On Mon, Nov 14, 2011 at 1:14 PM, Dimiter 'malkia' Stanev
> Mike just put support for callbacks for x86/x64
> I haven't tested it yet, but the docs are updated on how to use it.
> Awesome stuff, and thanks Mike!
> On 10/31/2011 11:54 AM, Tim Caswell wrote:
>> I know this was asked earlier this year, but it doesn't seem to have
>> gone anywhere. The last thing I can find from Mike is:
>>> Callbacks are pretty high on my TODO list for the FFI. But I don't
>>> know when I'll get around to it. The sponsored work has priority.
>> Since I can't find anything about this feature being announced or
>> documented, I'm going to assume the sponsored work is still keeping
>> things busy. (The arm port is very useful btw)

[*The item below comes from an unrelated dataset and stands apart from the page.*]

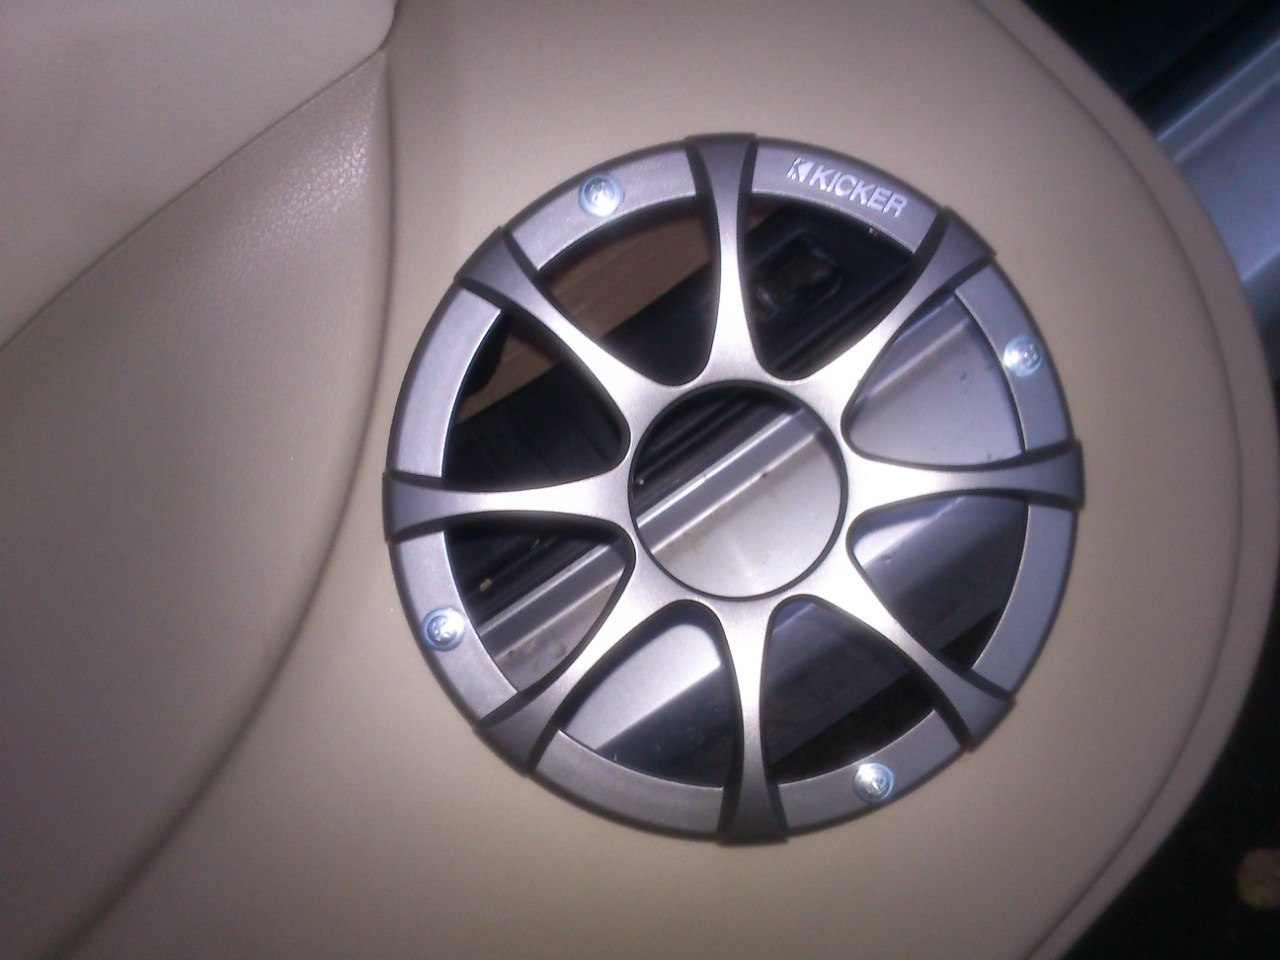 Защитная решетка колонки Kicker в Nissan Bluebird Axis (Infiniti G20)
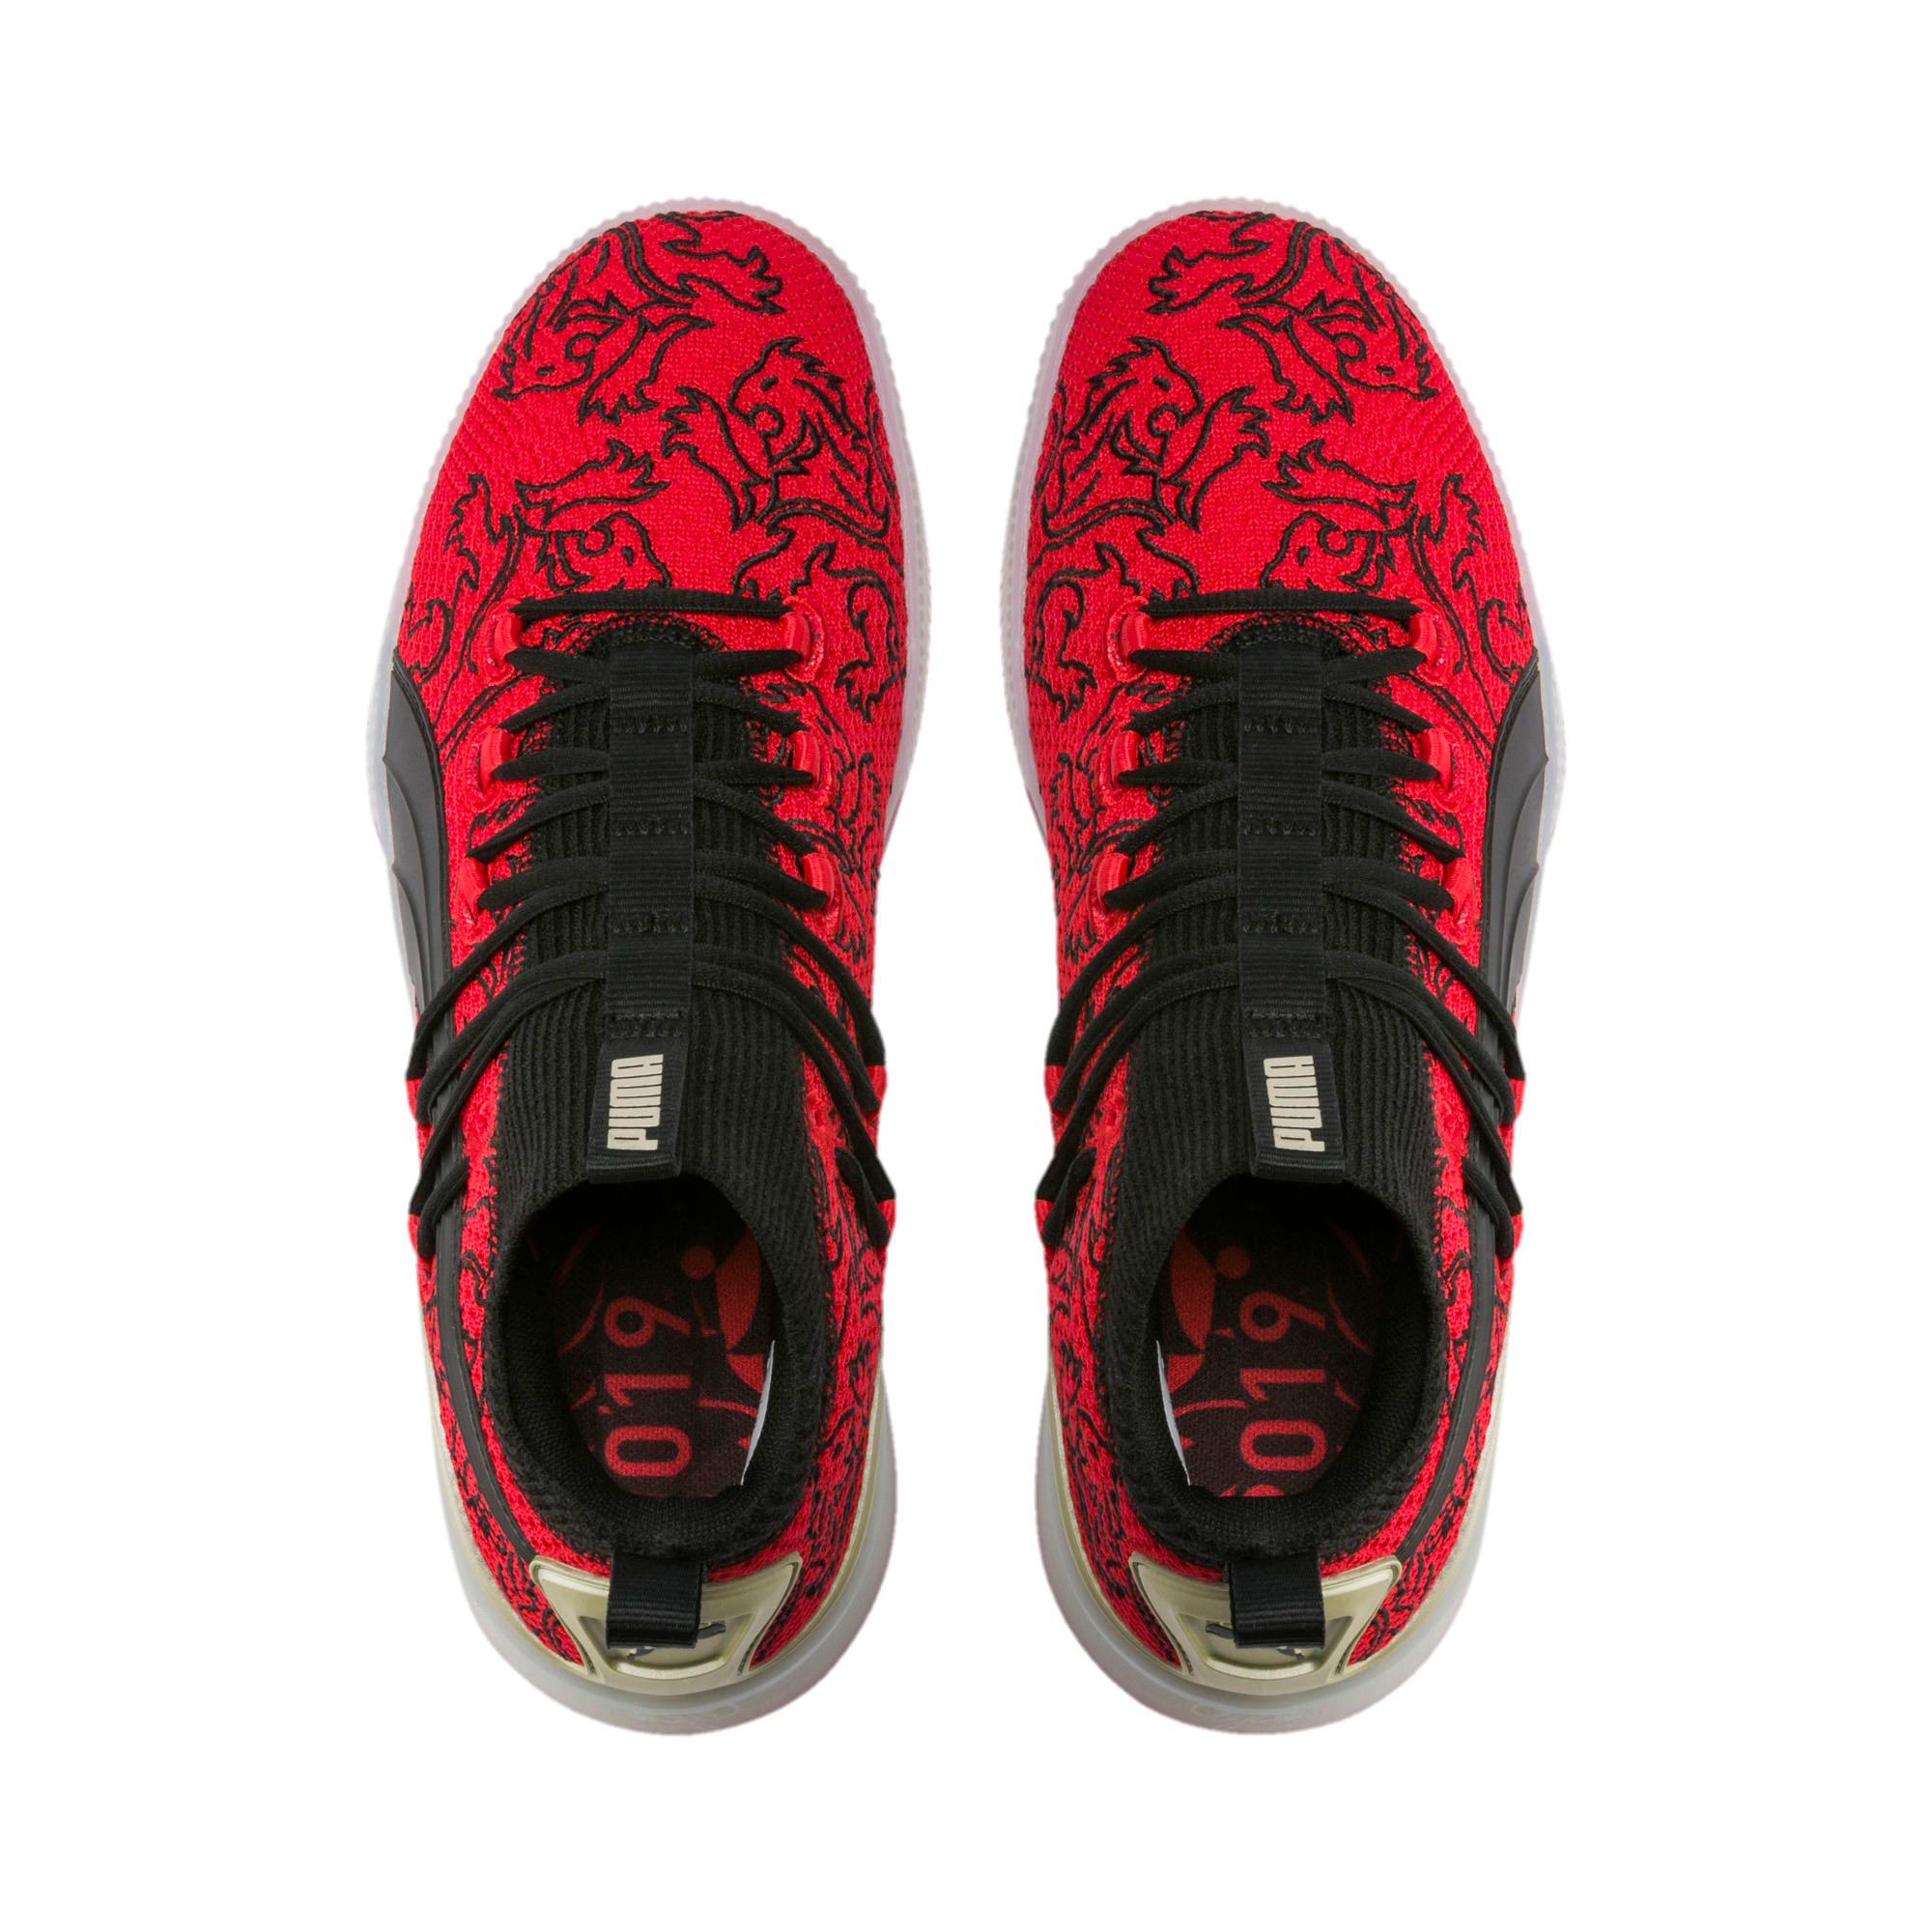 Thumbnail 6 of Clyde Court London Men's Basketball Shoes, High Risk Red-Puma Black, medium

>> I'm wondering if anyone has any ideas for how I could work around
>> this. My program is luvit<https://github.com/creationix/luvit> and
>> I'm wrapping a couple C libraries that are heavily callback based.
>> One is an http_parser which is a sax style parser that calls my
>> "events" as it finds them synchronously. This is simple because the
>> callbacks are called from the same stack that originated in lua. I
>> can assume that once I get a handle to L (my lua_State*) that my
>> userdata is as position 1.
>> My other case is libuv which is a non-blocking I/O library. By
>> definition of it's task, the callbacks get called by C level events
>> and don't originate from any lua call. Currently in my C bindings I
>> store access to L and a lua_ref of my lua callback in the pointer that
>> my C callback has access to. I then unpack everything and call the
>> lua callback from the main thread (to make it co-routine safe).
>> I have both of these cases working as manual C bindings, but I'd
>> really like to try out FFI and see if it's any faster. Perhaps it
>> won't be because my loops cross stacks and all context is lost.